He walked in saying, "Umm…I found a dog." As he walked around the corner, sure enough, in his arms, facing out toward us, was the cutest little Ewok face. It was a cute scene. Brevin had his other arm under the pooch's bum.
The pup was cold, and it smelled bad.
We knew, because of our dog, that this one couldn't stay the night at our house. I had seen a similar pup in the neighborhood that an older gentleman walks around frequently. I thought this must be his, so #4 and I set out down the steps at about 9:30 heading toward where we thought the man lived.
The dog, however, had other ideas. No matter how much we pleaded or attempted to direct, the pup went the opposite direction, lifting its leg on everything that didn't move.
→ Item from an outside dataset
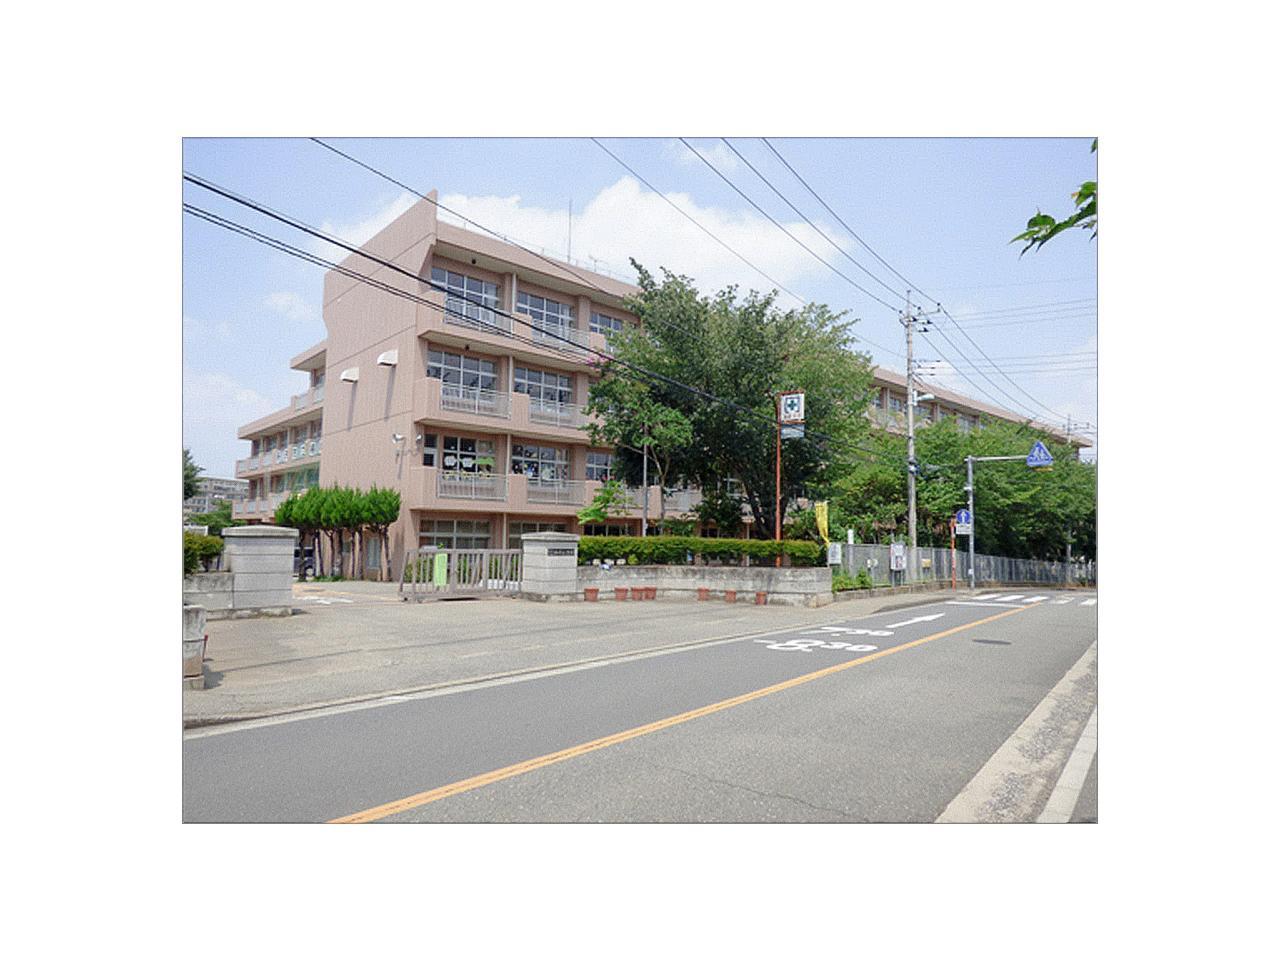 所沢市立椿峰小学校

Our block is rather large and hilly all around. The man's house we were looking for is simply across the street and down the way just a bit. That would be the easy way. C'mon, dog!
Nope. He would have nothing to do with it. We rounded the corner and headed up a hill….trailing the dog as we went. #4 didn't dare pick it up again because it would nip at him and growl--it had turned into a mean mop on legs. I'm not sure how he got it into his arms at the beginning of this adventure. Poor thing must have been desperate.
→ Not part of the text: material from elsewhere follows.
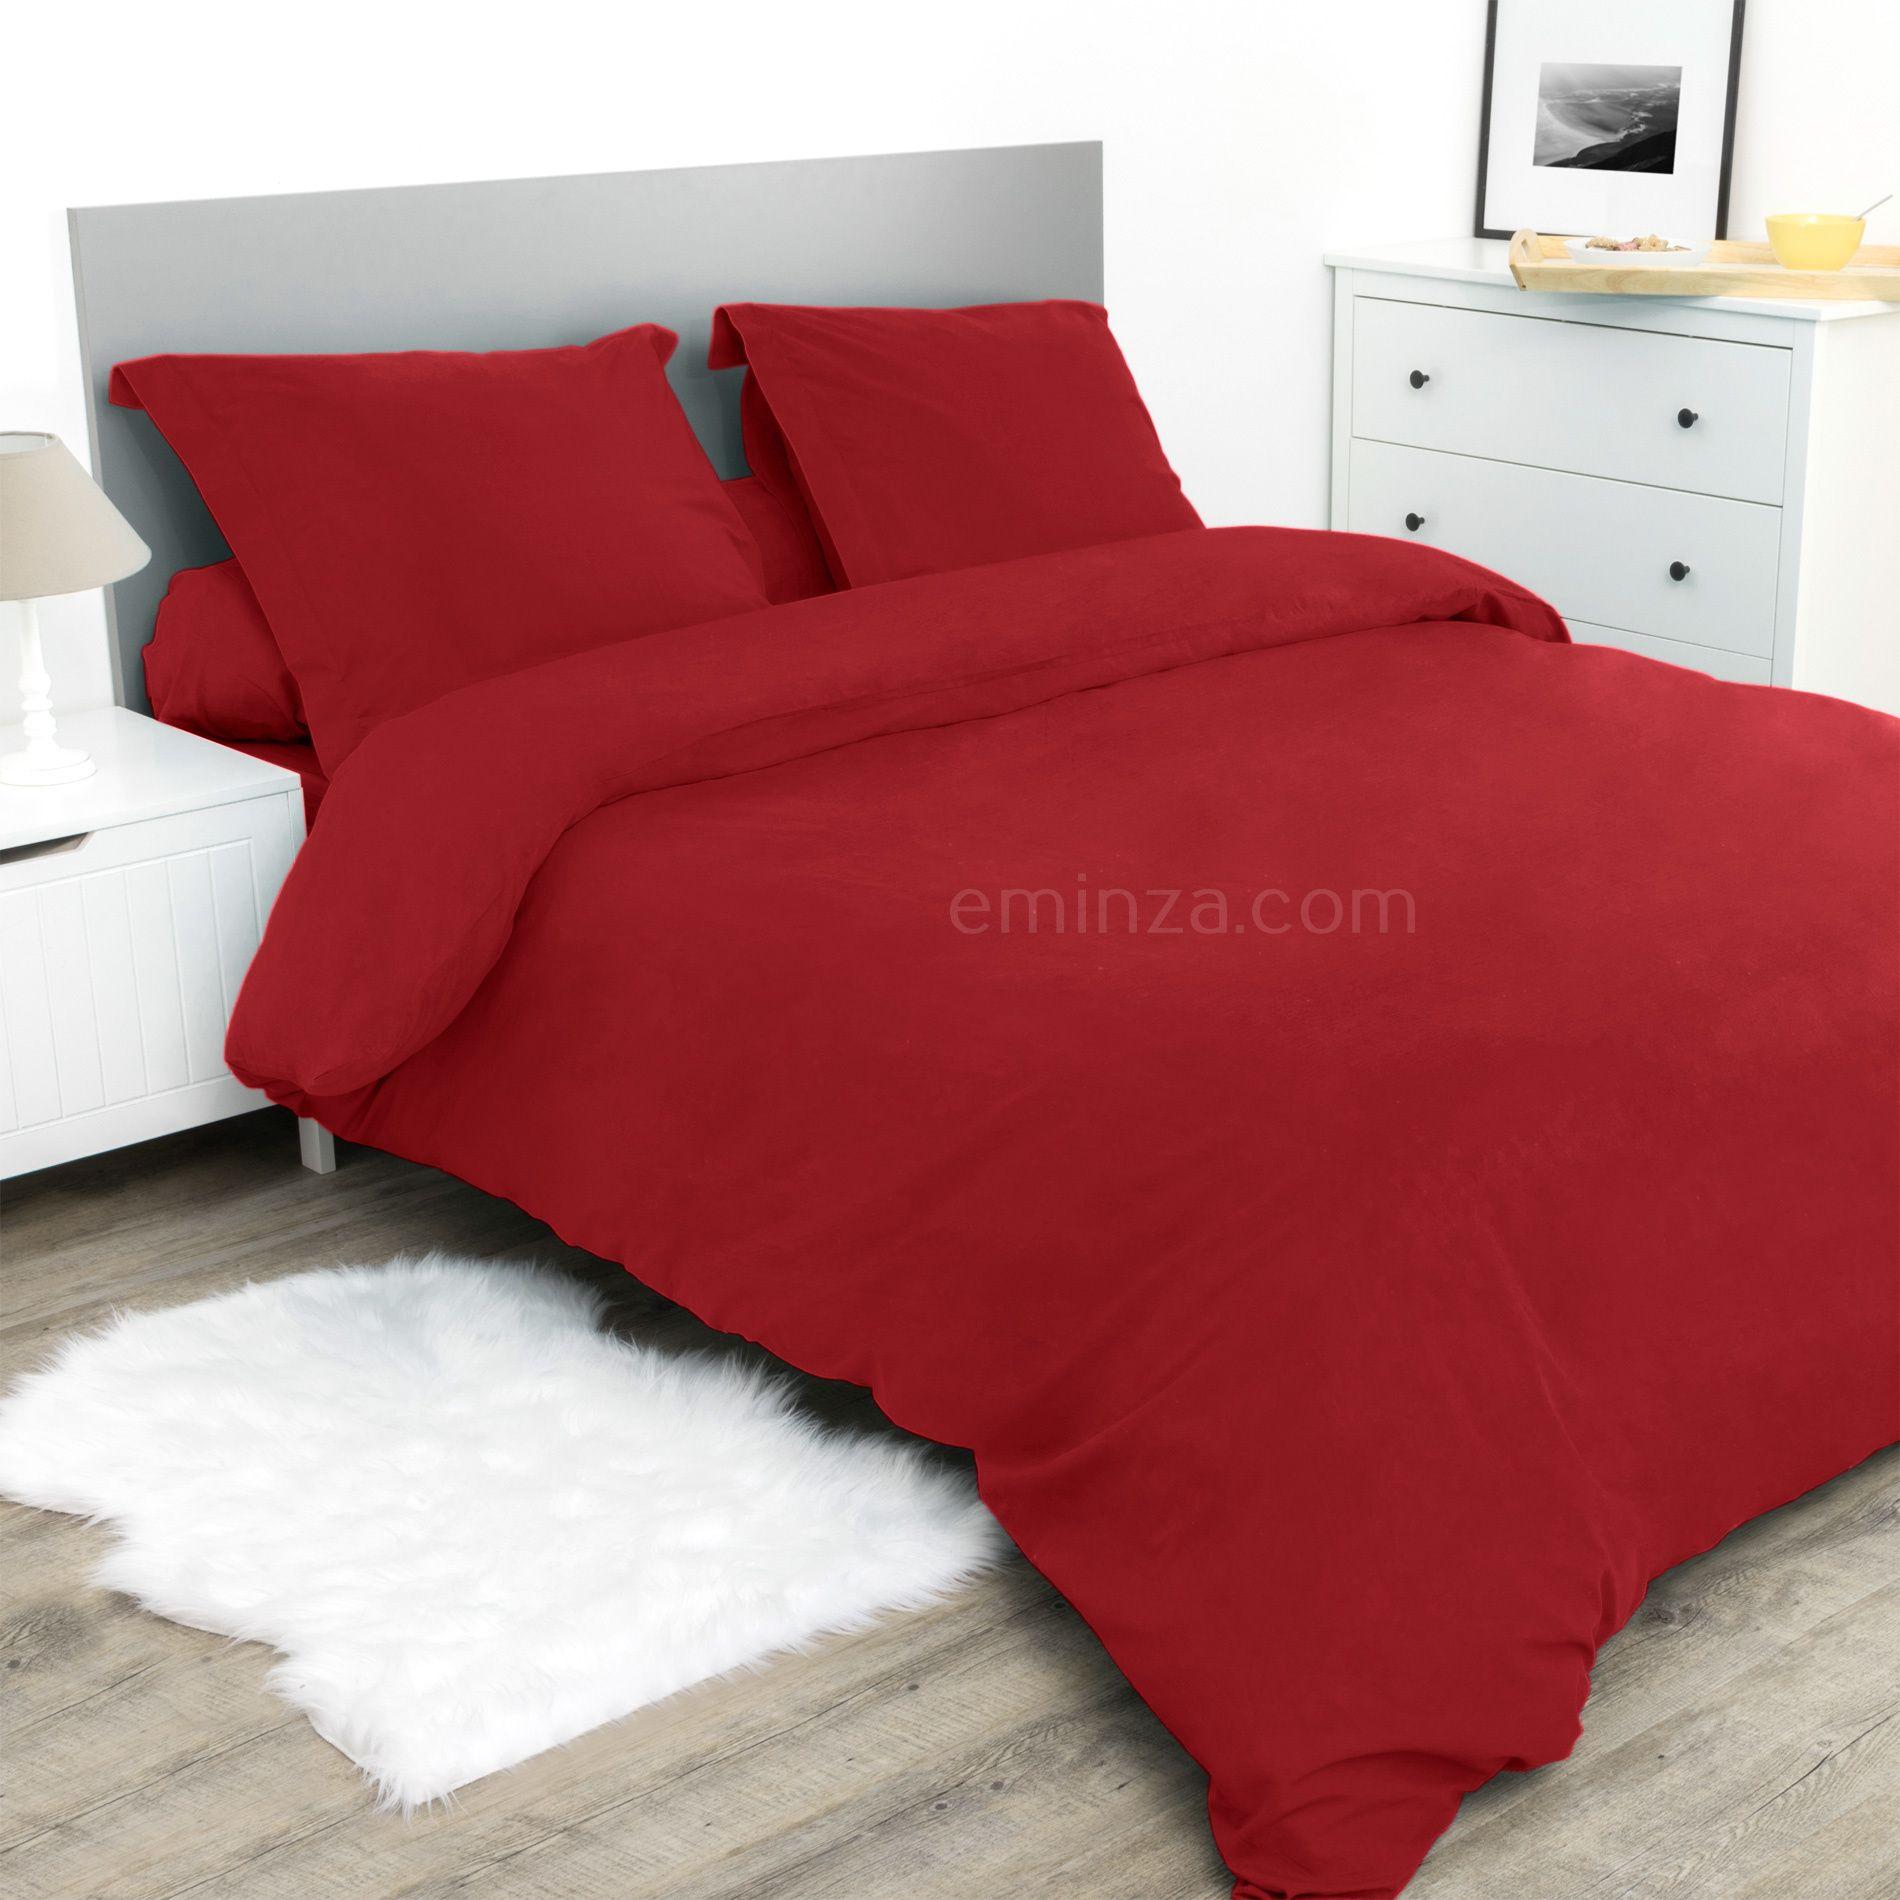 housse de couette 260 cm confort rouge housse de couette eminza. Black Bedroom Furniture Sets. Home Design Ideas

After following to the top of the hill, as we headed down the other side, #4 started tapping his foot at the dog. I asked, "What are you doing?" #4's response: "Well, it doesn't answer to anything else. I'm wondering if the old man's taught it Morse code. I just said, 'S.O.S.'"
It's dark. It's cold…..And here's my son cracking jokes.
The pooch leads us up the same street almost to the end. I'm thinking it will lead us around a corner and then another, and then we'll be near his house. C'mon, dog!
Nope. The dog turns around and starts heading back up the hill. WHAT?!
I am SO done with this little knee biter…..I'm ready to leave. He's attempting to pee on every bush and tree, and I have no patience for this. It's cold. I just want to get home.
I start to walk away telling #4 that we have a neighborhood group on the Internet. I'll post something there.
#4 heads back in the dog's direction. "I'm sorry, Mom. I can't just leave him out here in the cold. Poor little guy." He heads back up the hill and disappears into the darkness on the opposite side of the street. First, emerging out of the shadows comes the little white hair ball, shortly thereafter comes my boy.
It's at this moment when I begin to realize what I'm raising. I also realize that this has nothing to do with me (clearly….I'm ready to hit the road), but here's a boy who has almost been bitten three times during his act of kindness, his hand smells like dog food, he's cold, but he's ready to stand by this little beast's side and make sure it gets home safely.
And people criticize women for having more than the socially correct 2.1 children…..
I tell #4 that when the dog goes up on someone's porch, we'll knock on that door to see if he's found his owner.
He wanders around for awhile….I'm well down the street by this time. I'm heading for home, but #4's holding back watching the dog's every move. Sure enough, within a couple minutes, the dog climbs the stairs to the porch. #4 hollers out to me at what the dog's done.
"Go knock on the door," I direct him.
"Come with me?" He hollers back.
I return to the house knowing that this can't be this dog's house. He belongs to the tall, white-haired man down the street. We're going to be out here for a LONG time, and these people are going to be mad that we are knocking on their door at 10:00 at night, but all the lights are on, so it's not like we'll be waking anybody, so we go for it.
He climbs the stairs, opens the storm door, and knocks. The little dog, tail noticeably wagging under all that hair, looks back at us. His little way of thanking us, I guess.
A man with a long, dark beard and a green stocking cap opens the door. He looks down at the dog and as #4 attempts to spit out the question, "Is this your dog?" opens the door and the dog disappears inside. The man utters a "Thanks," and the door shuts.
As we go to return home, just as we're rounding the corner, #4 grabs a handful of kibble out of his pocket, "Here."
"Uh uh! You can take care of that yourself."
"Ooh. My hands stink like dog food…..Can you believe he didn't even know Morse code, Mom? Dumb dog."